$18 Million Research Center is Dedicated in Newport News (Times-Dispatch)

$18 Million Research Center is Dedicated in Newport News

The Applied Research Center could help bring Virginia jobs, investment, high-technology leadership and even the Nobel Prize, officials said yesterday.

In a ceremony to dedicate the seven-story, $18 million research and development center adjacent to the Thomas Jefferson National Accelerator Facility, Gov. Jim Gilmore and other officials gave the new lab and office building a lot to live up to.

The ARC, as the brick and glass structure on Jefferson Avenue is known, will link public universities and private industries with the neighboring federal nuclear physics laboratory. It is also intended to serve as the flagship of a 200-acre, high-technology industrial park, the Jefferson Center for Research and Technology, aiming to lure industries associated with commercial applications of science developed at Jefferson Lab and with its free electron laser.

Owned by the Newport News Economic Development Authority, the center's development and construction were a collaborative effort by the city, the authority, the state and federal governments and four public universities.

The schools, Christopher Newport University, Norfolk State University, Old Domionion University and the College of William and Mary, all will have research programs at the center designed to encourage collaboration with the building's industrial tenants and Jefferson Lab scientists.

All four schools sent their presidents to join the governor and other officials in making speeches to dedicate the building, and the event's cumulative rhetoric set high hopes.
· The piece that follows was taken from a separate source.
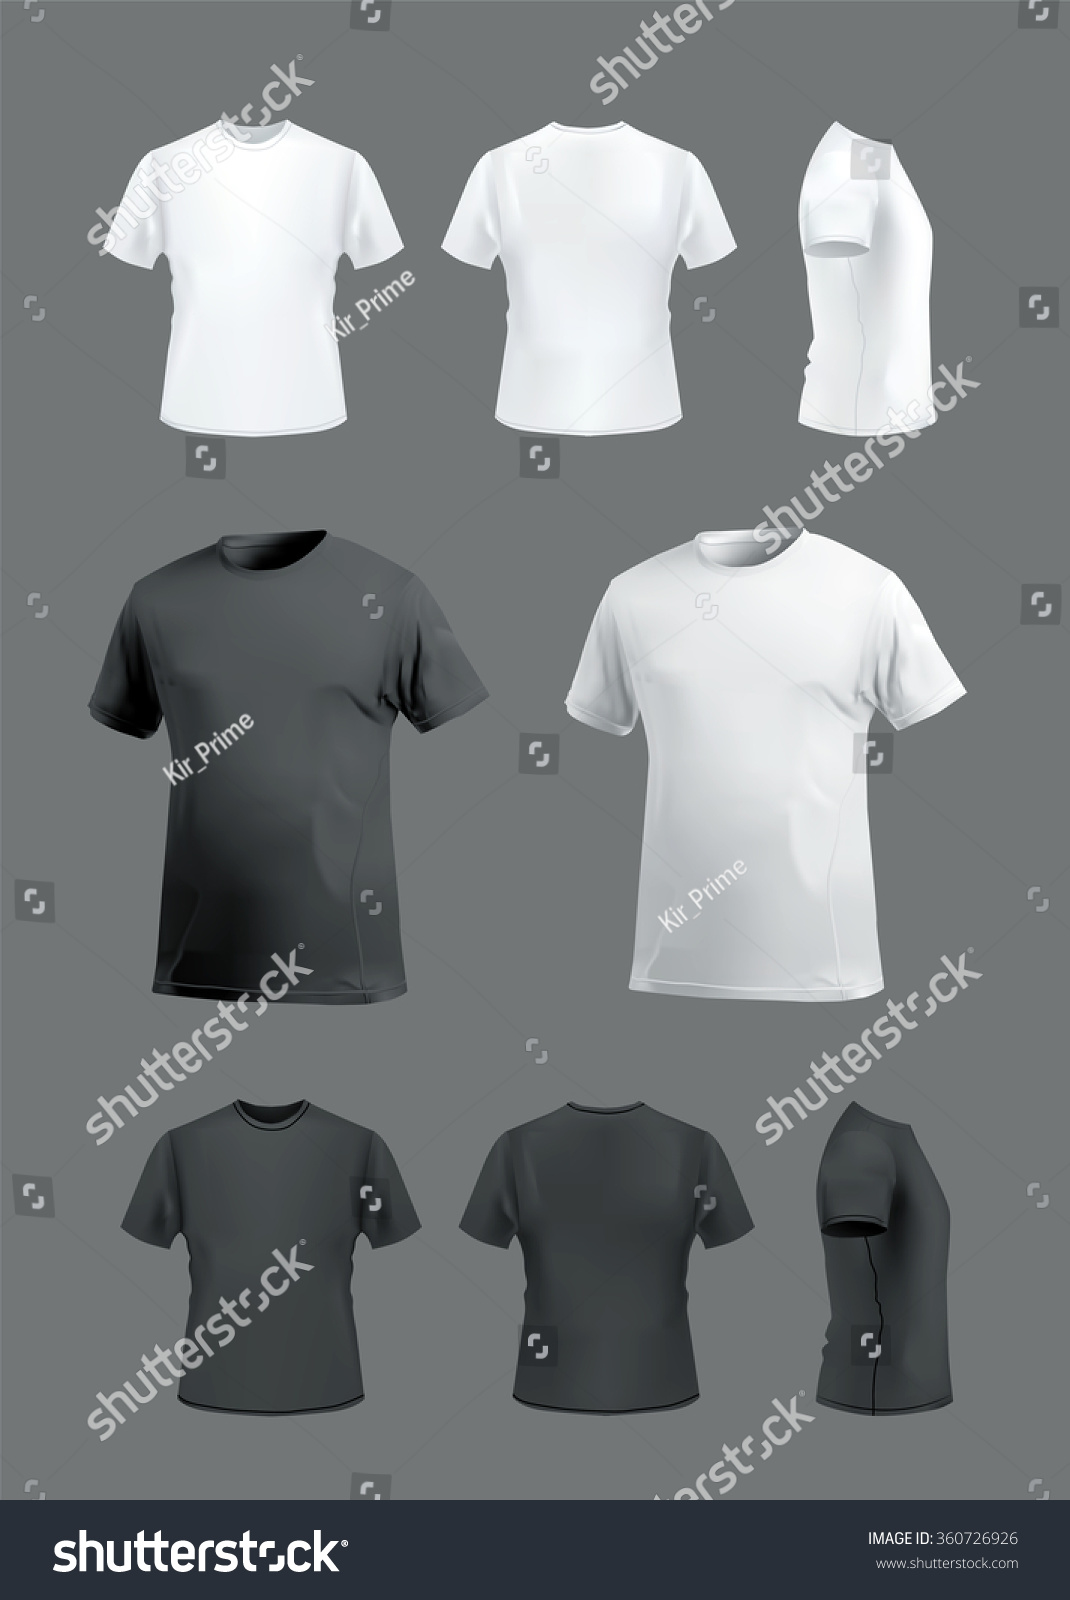 Download Tshirt Mockup Set On Dark Background Stock Vector Royalty Free 360726926

The rhetorical high-water mark was reached by William and Mary President Timothy J. Sullivan, who predicted that a future researcher or researchers at the new center would undoubtedly win the Nobel Prize.
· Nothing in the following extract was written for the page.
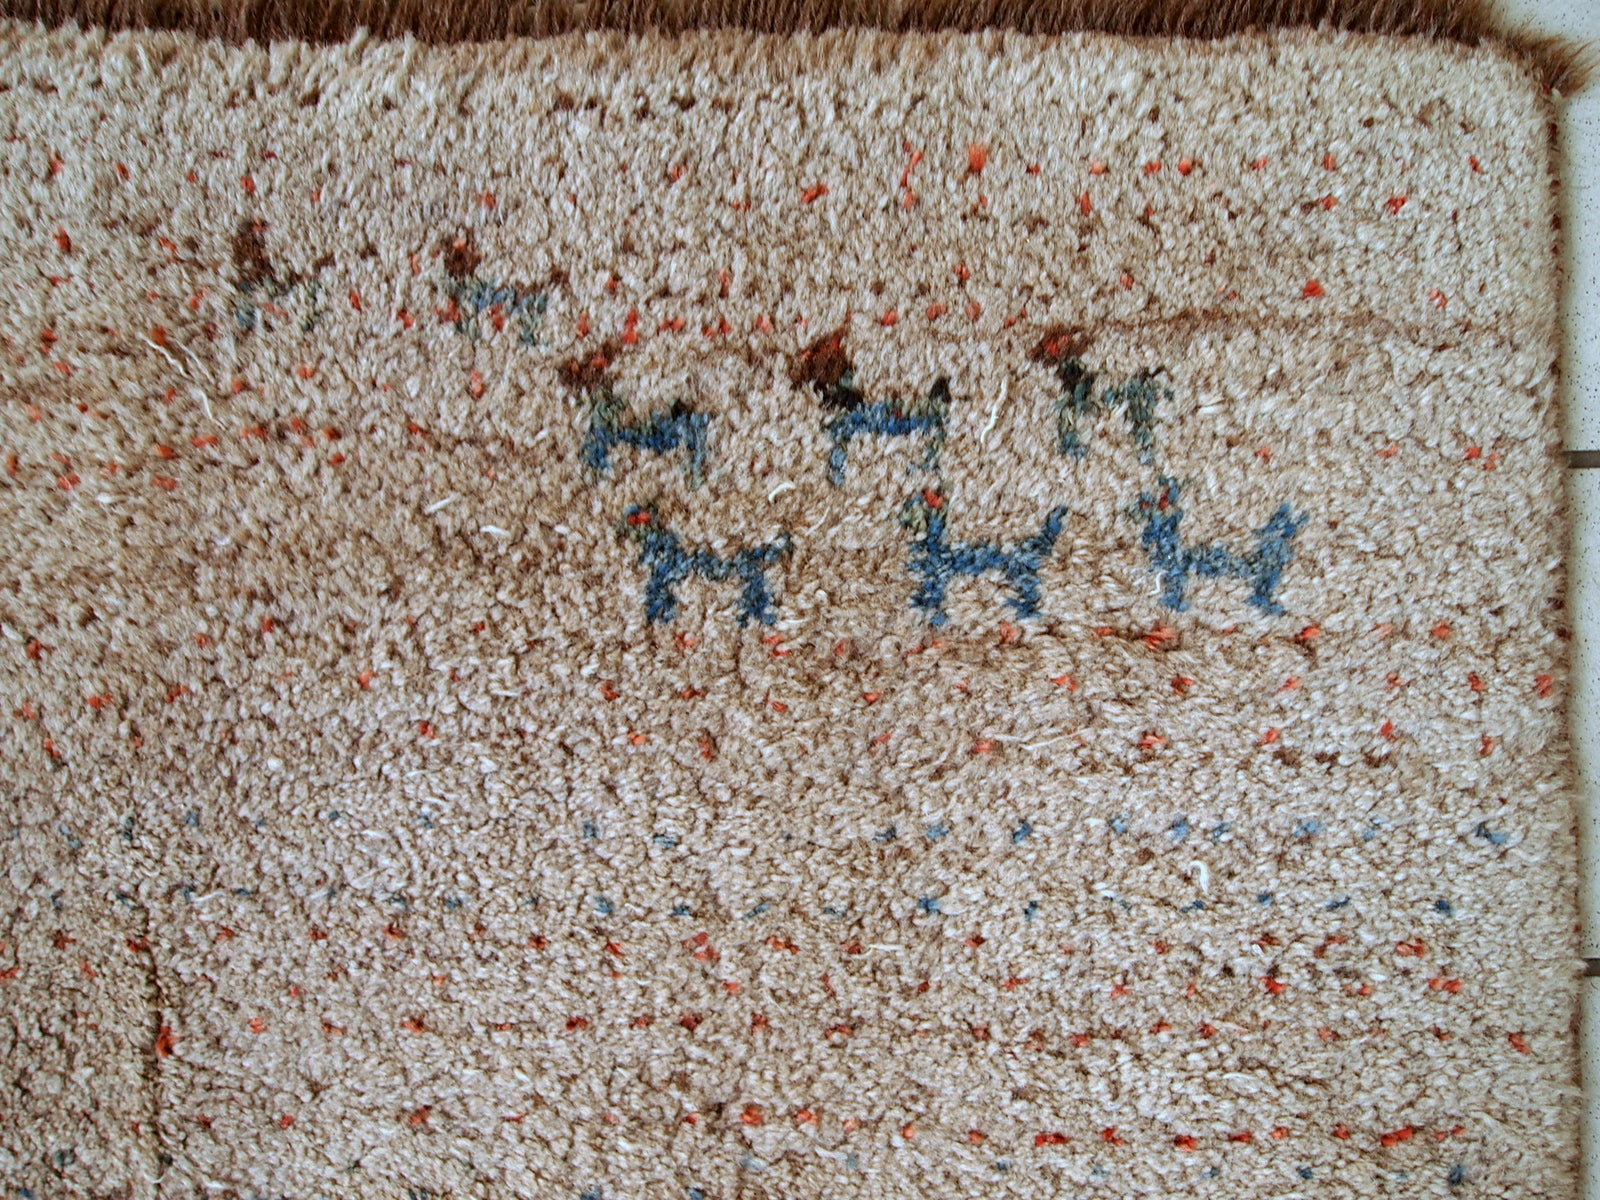 Close-up of Original Gabbeh Rug - Vintage Oriental Floor Rug - Soft and Fluffy Texture - Handmade Wool Carpet - 3.7' x 6' Size

Gilmore said the center would lead to the "birth of new industries" and help him achieve his goal of bringing Virginia 250,000 new jobs. He predicted the research center's associated industrial park would create 4,200 jobs itself and capture $160 million in investment.
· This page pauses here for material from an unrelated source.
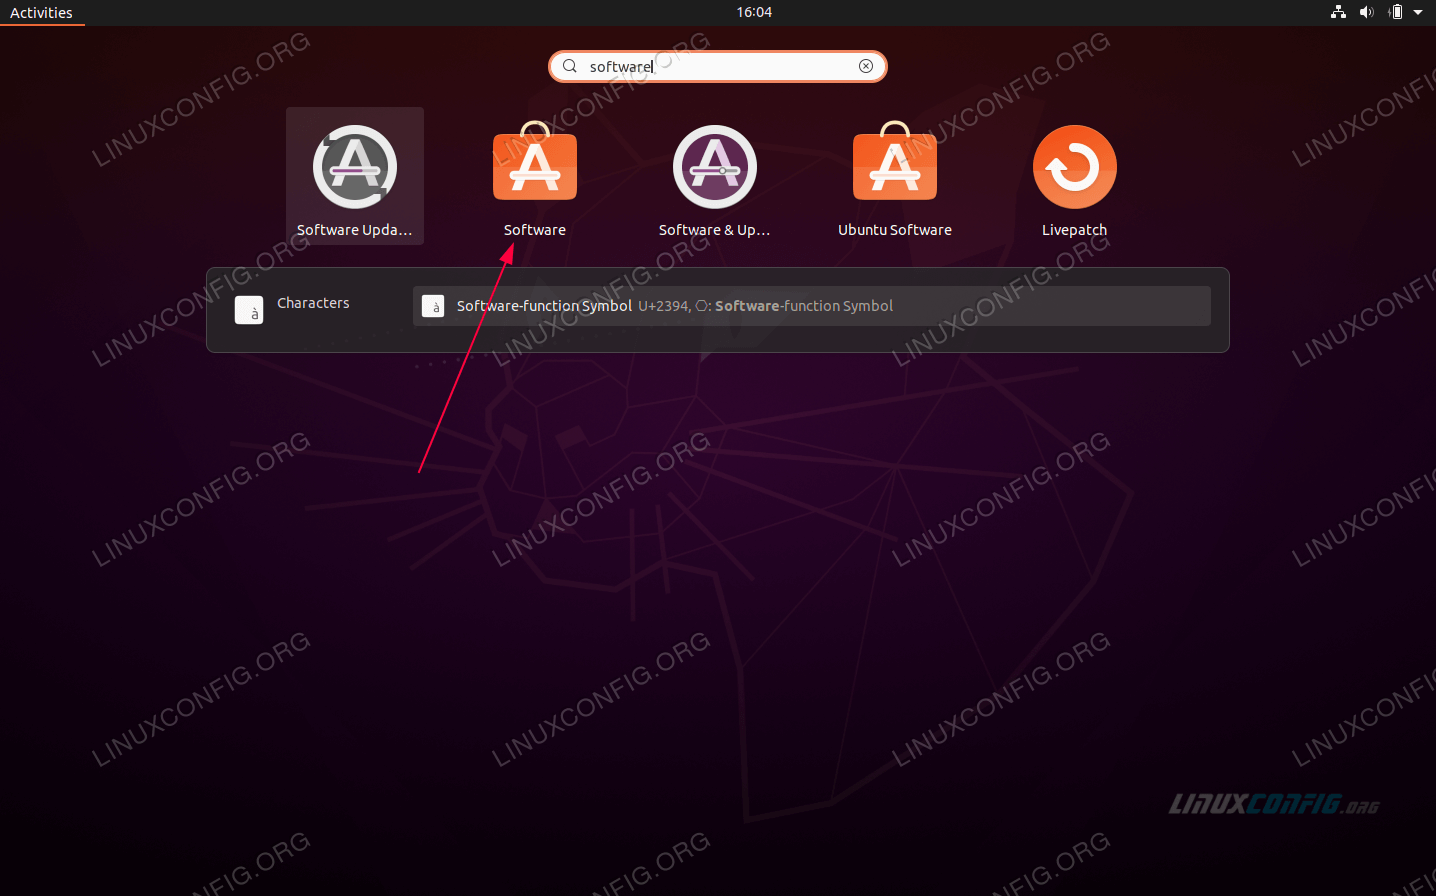 01-how-to-install-pycharm-on-ubuntu-20-04-focal-fossa-linux-desktop

Newport News Mayor Joe S. Frank, the master of ceremonies, waxed poetic by comparing the ARC to the biblical Noah's ark.

"Noah himself would appreciate this building as a worthy craft," he said, for taking the city and region "forward on the tides of technology."

With 122,000 square feet of laboratory, classroom and office space, the building will house researchers from the universities and the Jefferson Lab and provide office space for private business ventures related to the ongoing research.

Jefferson Lab and its partner universities are working with new technologies for a variety of industrial applications.